As you press on for justice, be sure to move with dignity and discipline, using only the weapon of love. Let no man pull you so low as to hate him. Always avoid violence. If you succumb to the temptation of using violence in your struggle, unborn generations will be the recipients of a long and desolate night of bitterness, and your chief legacy to the future will be an endless reign of meaningless chaos.
In your struggle for justice, let your oppressor know that you are not attempting to defeat or humiliate him, or even to pay him back for injustices that he has heaped upon you. Let him know that you are merely seeking justice for him as well as yourself. Let him know that the festering sore of segregation debilitates the white man as well as the Negro. . . .
I still believe that love is the most durable power in the world.
Today my husband, Tom, and I went to the state capitol in downtown Madison to the Martin Luther King Jr. Day Observance at noon. My sister was there, sitting among the VIPs, right next to Mayor Dave. We had lunch together afterward, and we talked about the night we watched the Chicago Sunday Evening Club.
I'm so proud of my father for knowing how important it was—and is—to listen to the words of Dr. King. I'm proud of my sister for remembering the sermon we listened to together those many years ago.
Tom and I went to show our support for the Soles (pronounced "So-lays"), a Mexican mariachi trio whose members attend our service in Spanish at Grace Episcopal Church and who were part of the program lineup. We got there early because the Soles told us 11 a.m. instead of noon, which was good, because we had great seats and time to greet my sister beforehand. I hope we go early again next year.
It was a beautiful gathering and celebration, a wonderfully mixed crowd of young and old, of many races and cultures. We sat in the capitol rotunda, under the the portrait of Lady Justice.
We sang "We Shall Overcome" together and did a brief community greeting, during which I met Geraldine Reed, who was sitting in the row in front of me. When she greeted me, she gave me a hug and told me that she had come here from New Orleans three years ago. I could tell that being there meant so much to her. She proudly introduced her grandson and his fiancee (or was it her granddaughter and her fiance?).

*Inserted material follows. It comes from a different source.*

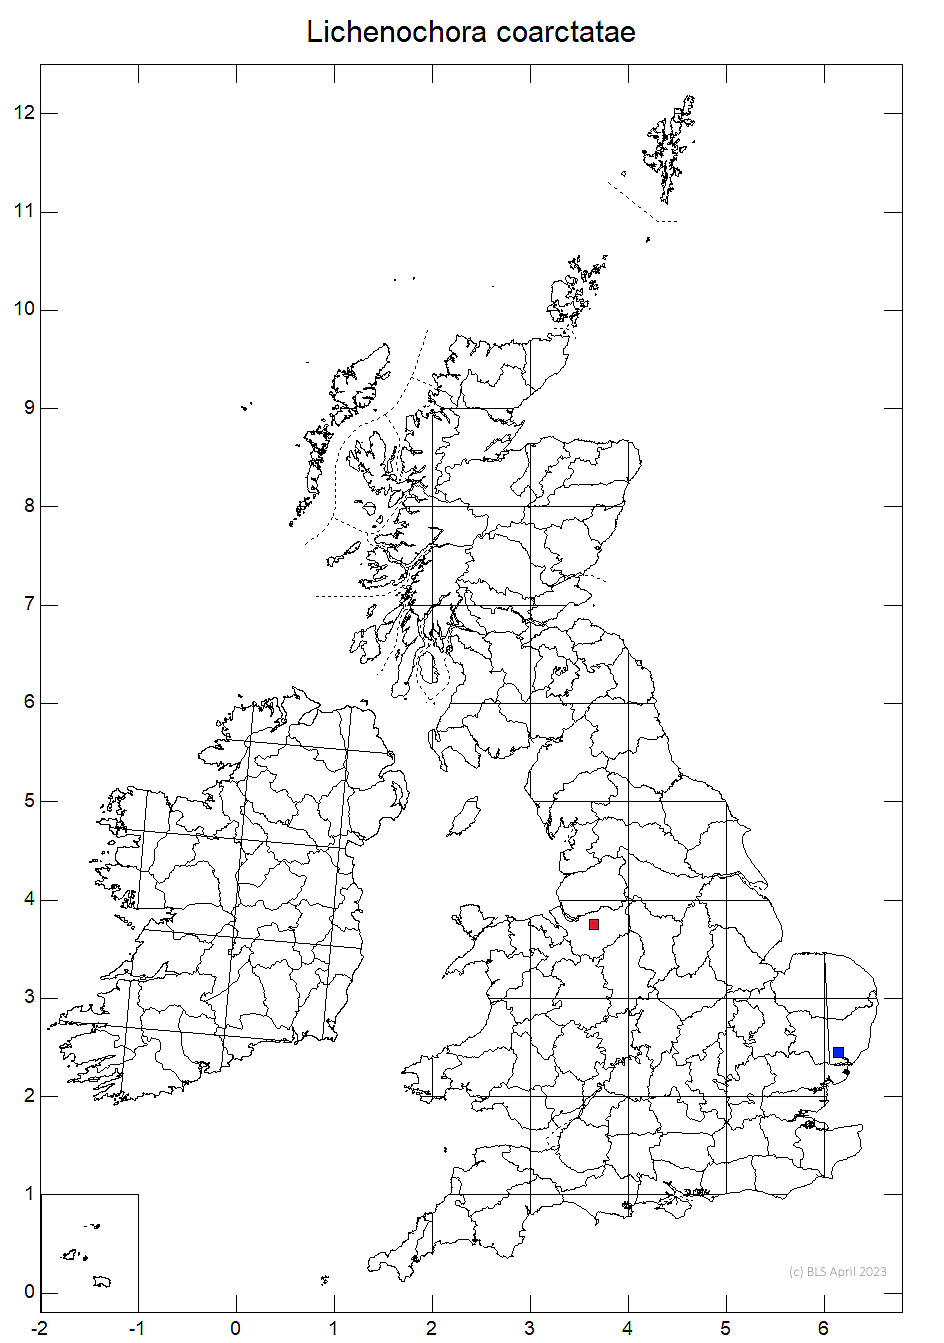 Lichenochora coarctatae 10km sq distribution map
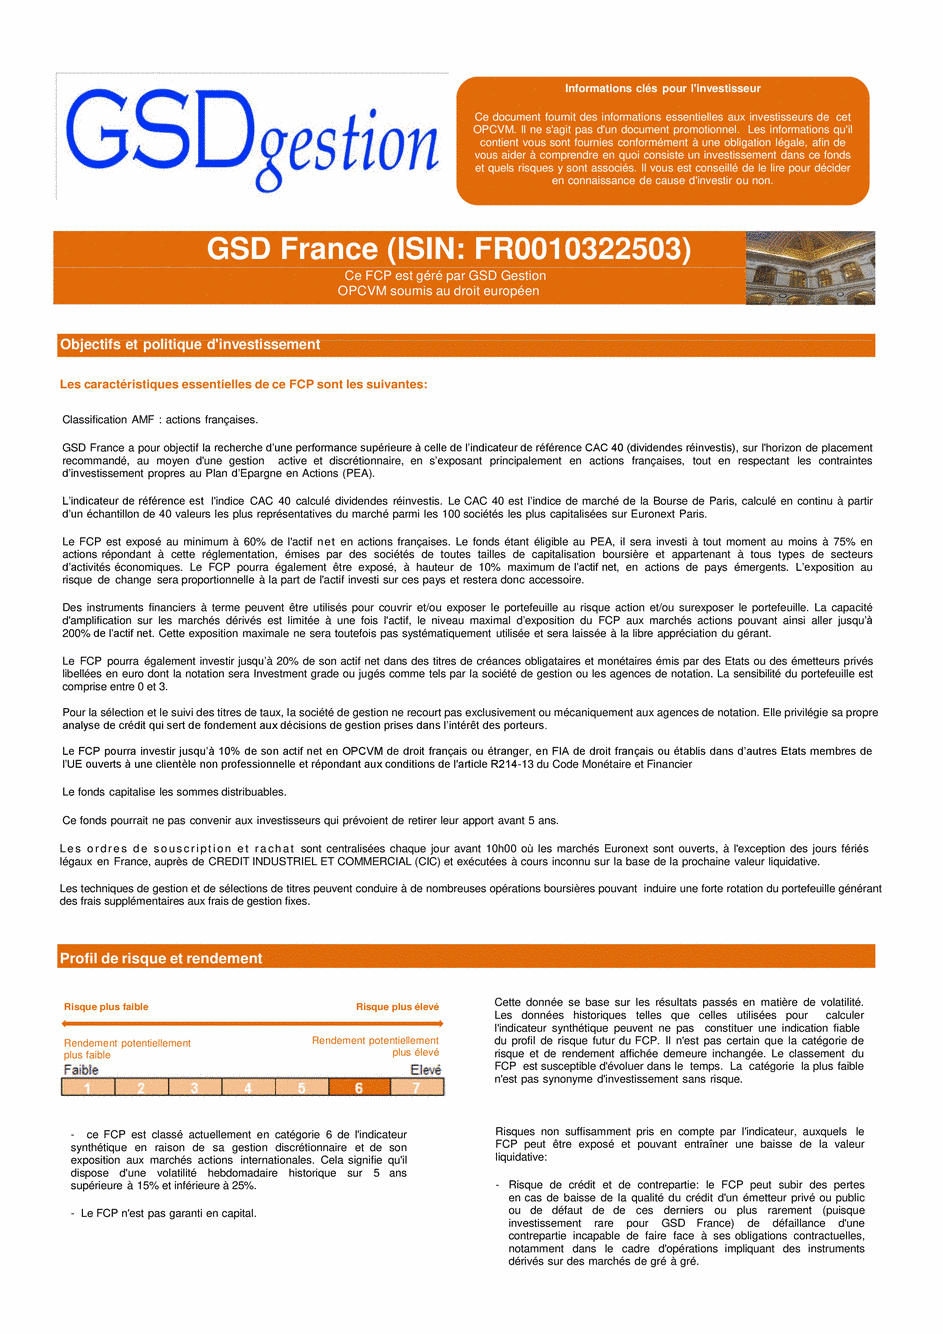 DICI-Prospectus Complet GSD France - 20/02/2019 - Français

It didn't even occur to me until later that Geraldine is black and the young couple she introduced me to are white. I love that it didn't seem strange to me at the time. I'm grateful to Geraldine for her kindness and for her enthusiasm for the occasion. It felt like we were all family, all of us with Katrinas in our past, all of us with a lot to celebrate and a lot to be grateful for.
So now at the end of this beautiful day of remembrance, I'm thinking of how far we have come and how far we have to go. I'm thinking about my father and my sister and Geraldine and the Soles. I'm thinking about Dr. King and St. Paul and what they would say to us today if they could.
I think Dr. King would tell us to continue pressing on for justice with dignity and discipline, to shun segregation and violence, and he would reassure us that love is still the most durable power in the world.